Обижать самую юную из «сестер» остальные Солнцедевы не хотели, однако очень беспокоились о судьбе пышнотелой красавицы, ибо знали, что Лучезарный презирает жиры и излишества плоти, для него они неразрывно связаны с царством земных богов, тогда как он, могущественный, из богов небесных, величайший из всех. Они пытались убедить Пурен хотя бы попробовать за оставшиеся до дня нисхождения месяцы скинуть сколько-нибудь веса и придать своим выпуклостям более подтянутый вид — в конце концов, массивный филей и могучие женственные бедра вполне достойны внимания даже и божества, если под пышной плотью прячутся достаточно крепкие мышцы. Пурен, увы, доброму совету не последовала. Она категорически не желала вновь испытывать лишения, даже по собственной воле, не стала и ограничивать трапезы свои — ни количества их, ни размера. Но к предупреждению прислушалась. Если она и в самом деле рискует лишиться нынешнего положения своего, буде Лучезарный Солнце обнаружит ее столь поправившейся — ей необходим план, как избежать его гнева и наслаждаться еще одним годом роскошной и изобильной жизни во дворце.
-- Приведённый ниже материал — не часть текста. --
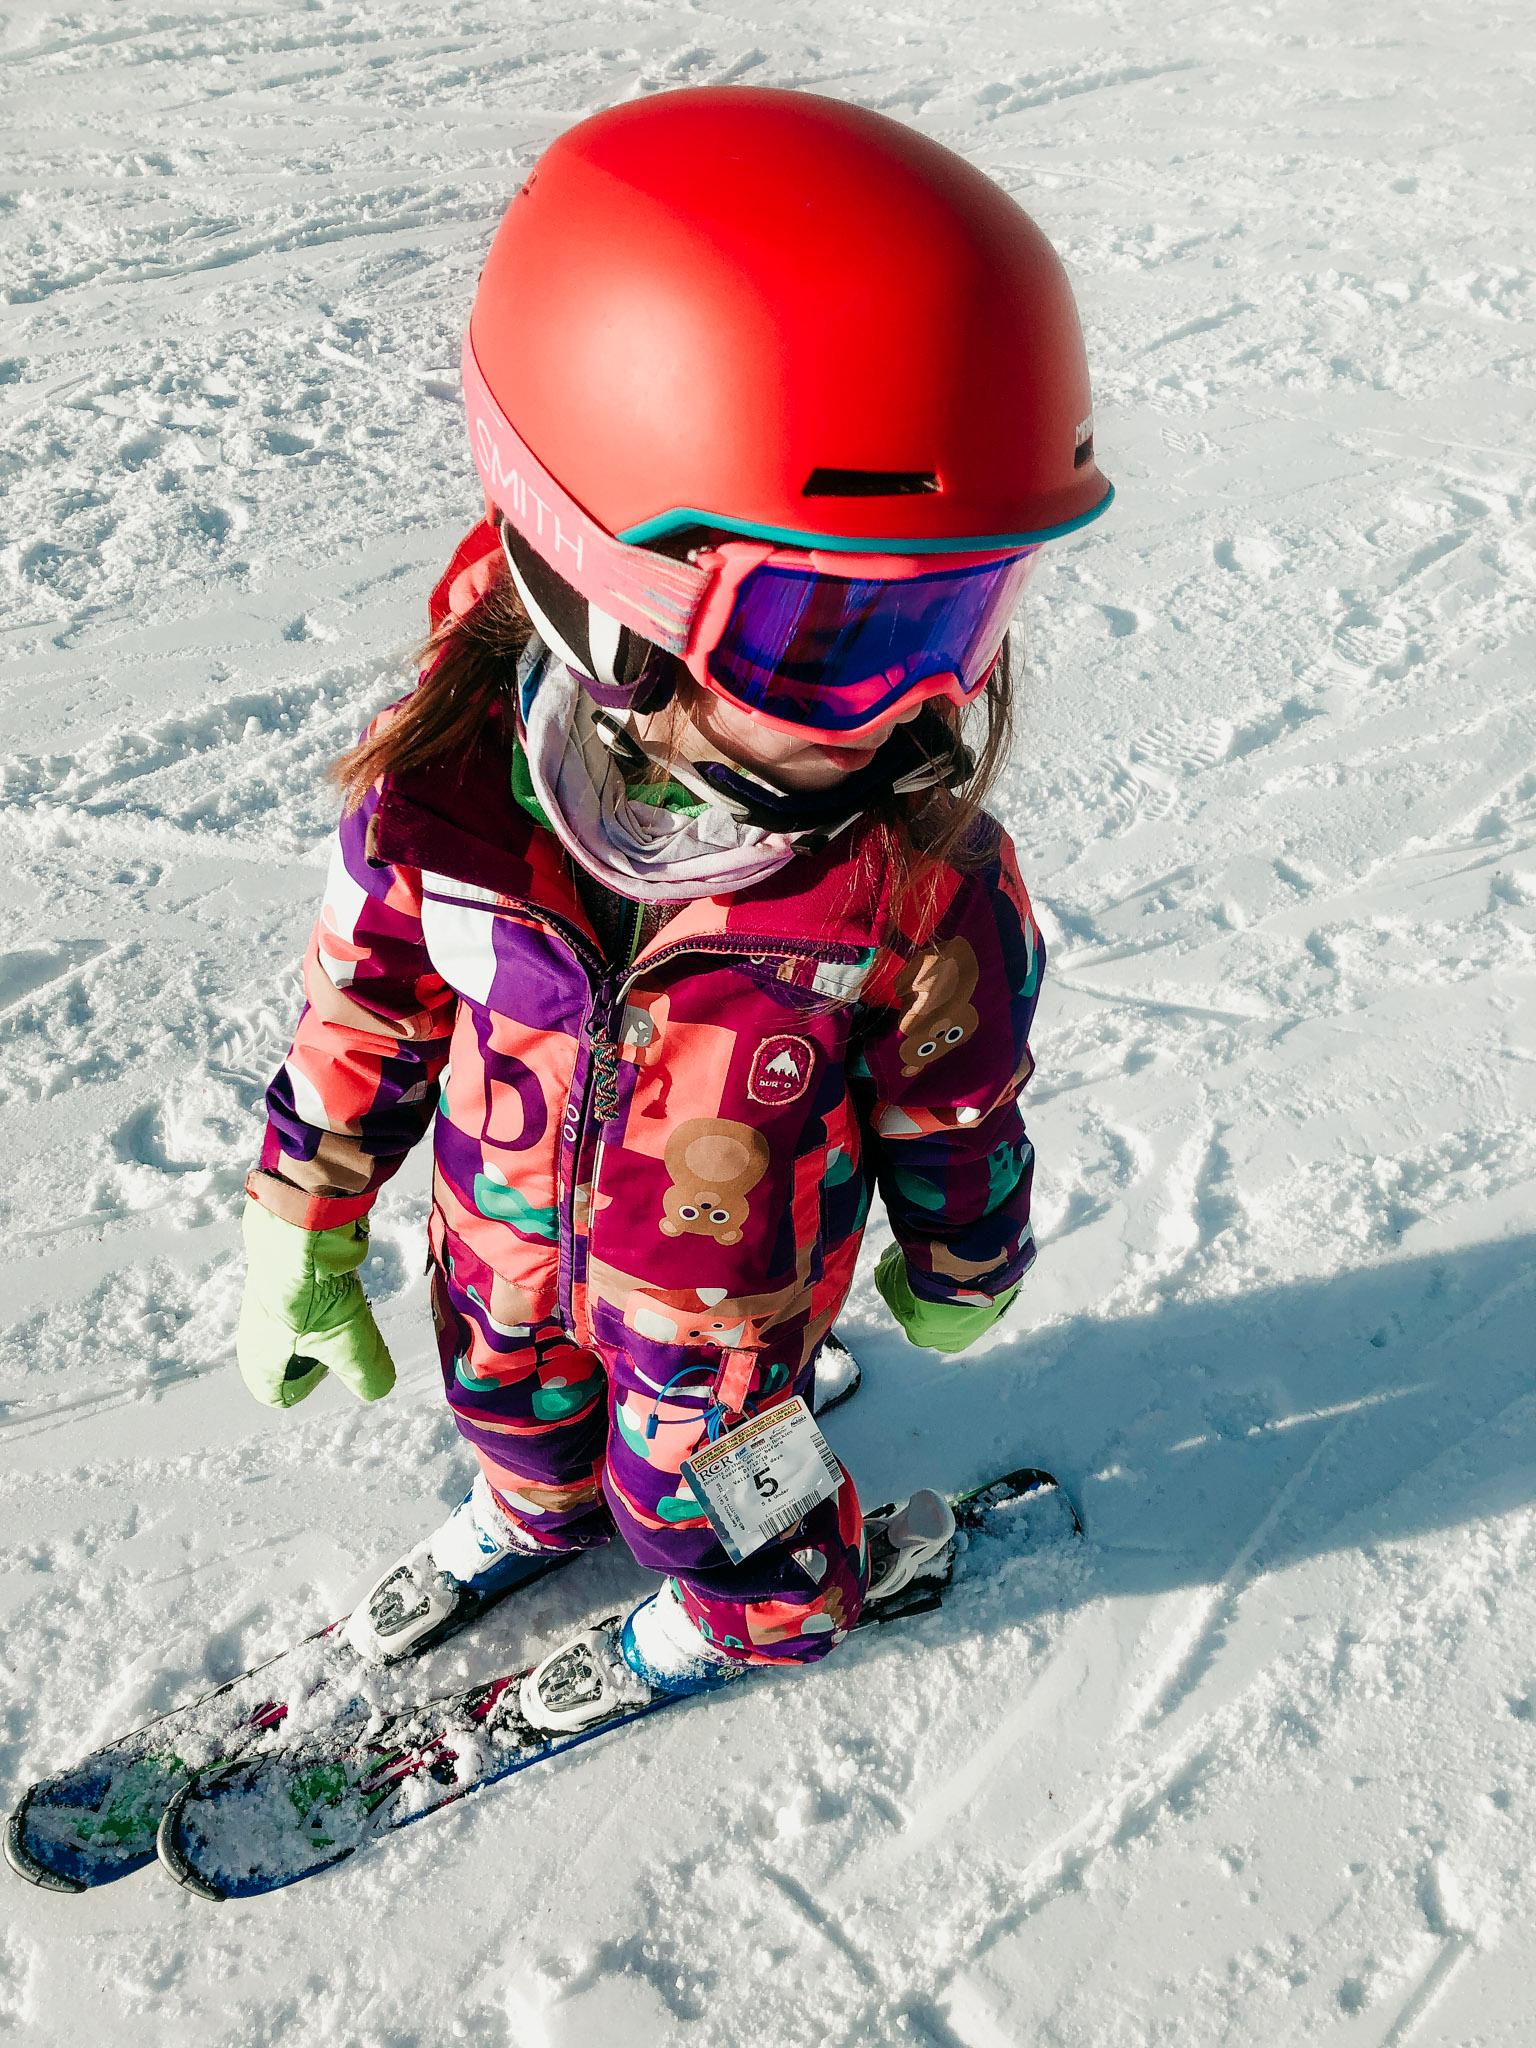 Chelsea Czibere - January 19, 2018 - Nakiska Ski Resort-2.jpg

Солнцедевы удивились, когда Пурен наконец-то присоединилась к их ежедневным занятиям. Но если она и правда хотела похудеть — увы, теперь уже слишком поздно, ибо Солнце снизойдет к ним не далее как через три дюжины без трех дней, а она стала теперь самой тяжелой из всех, обогнав даже могучую амазонку. Угнаться за «сестрами» Пурен и не пыталась — слишком медленным, тяжелым и неуклюжим был ее бег. Массивный бюст отчаянно подпрыгивал впереди, мешая поддерживать равновесие и пробуждая боль в спине спустя считанные минуты. Живот ее ходил ходуном, под его тяжестью трещали одежды. Массивные женственные бедра раскачивались и терлись друг о дружку, отчего простой бег превращался в довольно-таки сложное занятие. Пурен, однако, продолжала заниматься в удобном ей ритме, проверяя собственное проворство, оценивая, на что теперь способно ее тело — и, что еще важнее, восстанавливая часть прежних своих сил. Собственно говоря, нагрузки для нее оказались столь щадящими, что до дня снисхождения она продолжала потихоньку поправляться, но это ее не заботило — сбросить вес и не было целью Пурен. Ей нужно было лишь получше разобраться в закоулках дворца и поднабрать выносливости.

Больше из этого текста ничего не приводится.